I'm right at that cusp between looking back through the bewildering, worn-edged clutter of my day planner for 2012, and looking forward to the clean, sleek, empty Moleskine for 2013 into which I've only just begun to enter the first advance notes.
I still use a day planner, with paper pages that you turn with your fingers and write on in ball-point pen. I can't imagine forgoing this tangible, material record of my day-to-day life, any more than I can make the transition to reading the newspaper online. And every December, I imagine the coming year's book won't end up looking like the chaotic mess I've made over the last eleven months. I still try hard, at this point, to write in a controlled, neat script, carefully budgeting the space of each day's allotted inch-and-a-quarter to allow for some logic as the schedule fills in.

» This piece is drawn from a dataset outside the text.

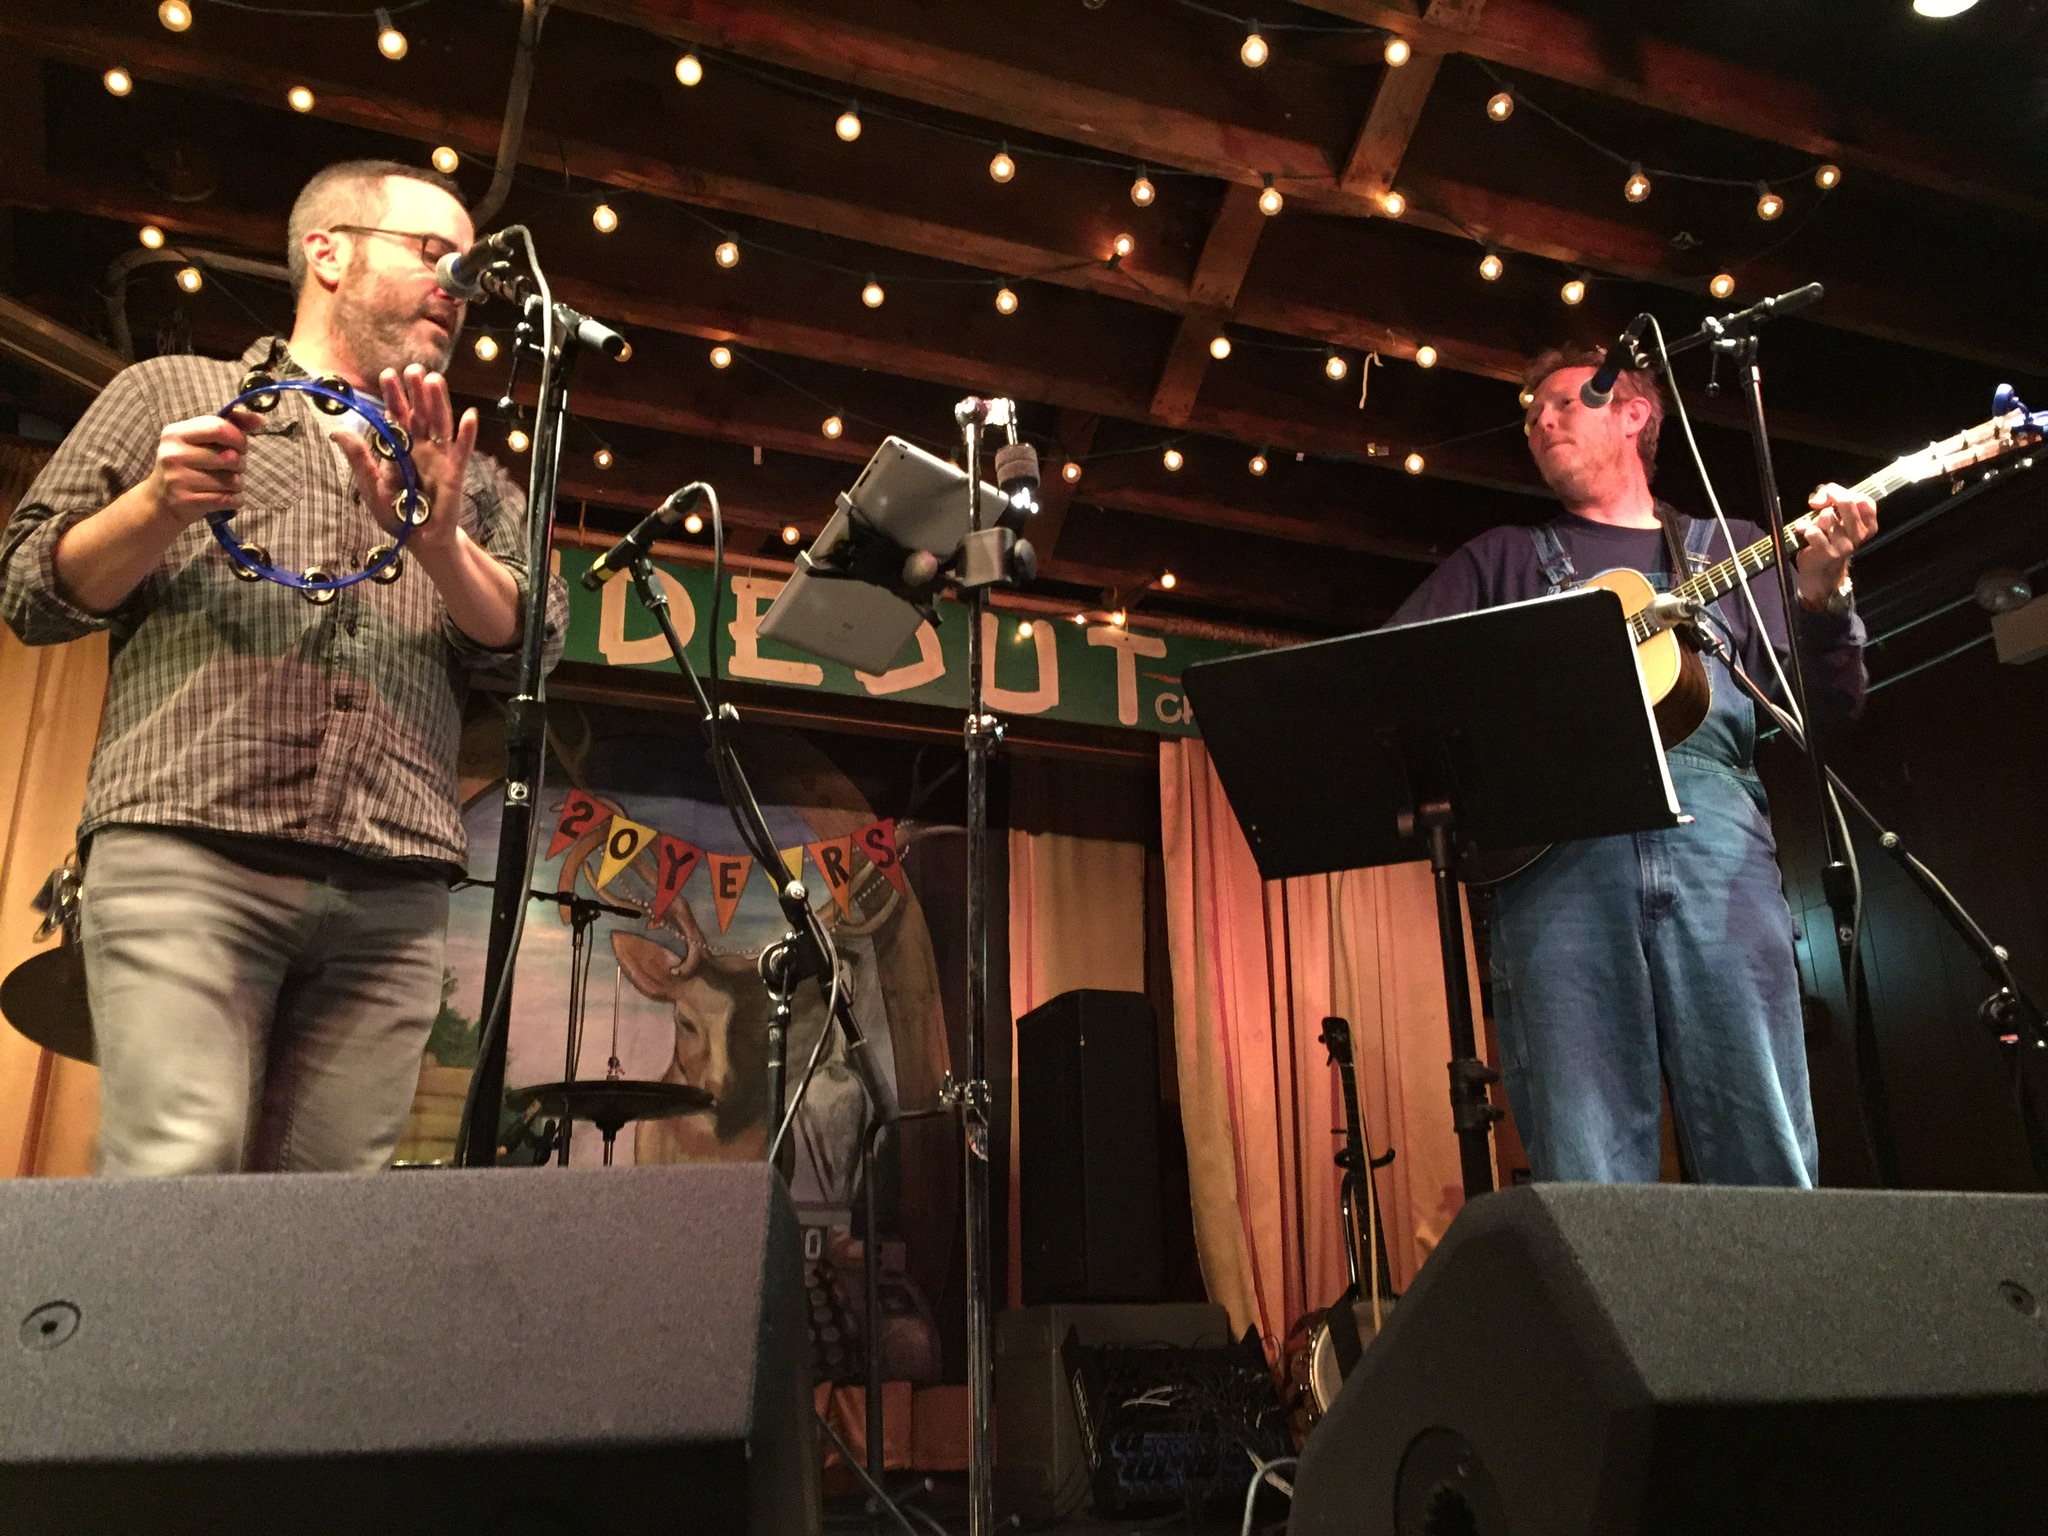 Gerald Dowd (left) and Robbie Fulks  singing "Try Leaving" during their show at the Hideout.  Photo taken by and the property of FourWalls.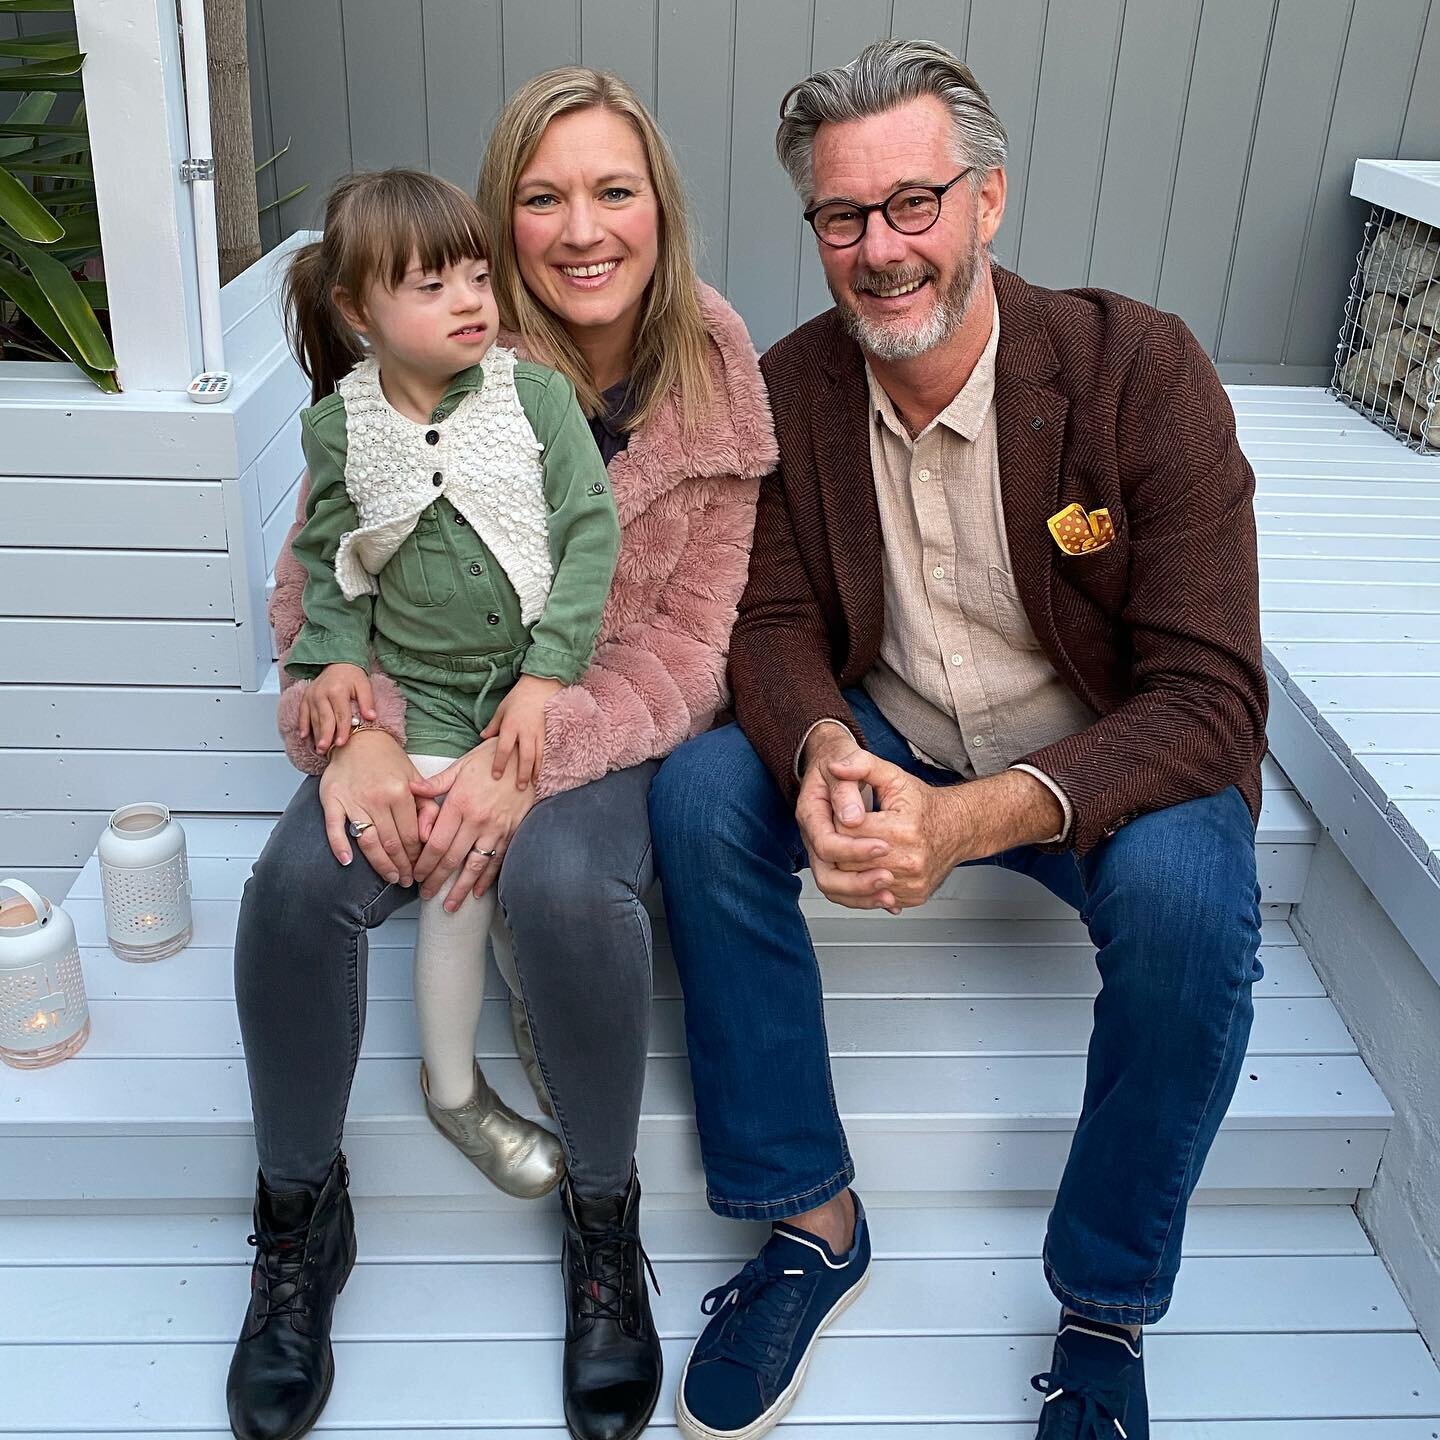 My gratitude cup is officially overflowing! Earlier this winter, the amazing crew from @livingroomtv visited us to talk all things winter hygge, celebrate life with a little extra and turn our backyard into a wonderfully cozy, Nordic hideaway. So luc

The natural sloppiness of my hand will take over in earnest about a week into the New Year. By then, what I'd in theory like my life to look like will collide with the reality of the choices I make from week to week, with what's demanded of me, with what I agree to, with what I want in the moment. There will be the notes transferred from one week's page to the next, a record of my sometimes epic procrastinations. There will be anxious reminders wedged in between consecutive meetings. I can trace the record of mounting anxiety about being overbooked by scanning this year's planner for the pages where I've even made notes to myself about when I intend to fit in exercise, when I intend to call a friend with whom I want to catch up.
This year, my resolution is not to fantasize about that clean, ordered book that I once again won't keep, but to look back with affection and wonder at the fullness of what's been, and to welcome the messiness of life as it lives itself.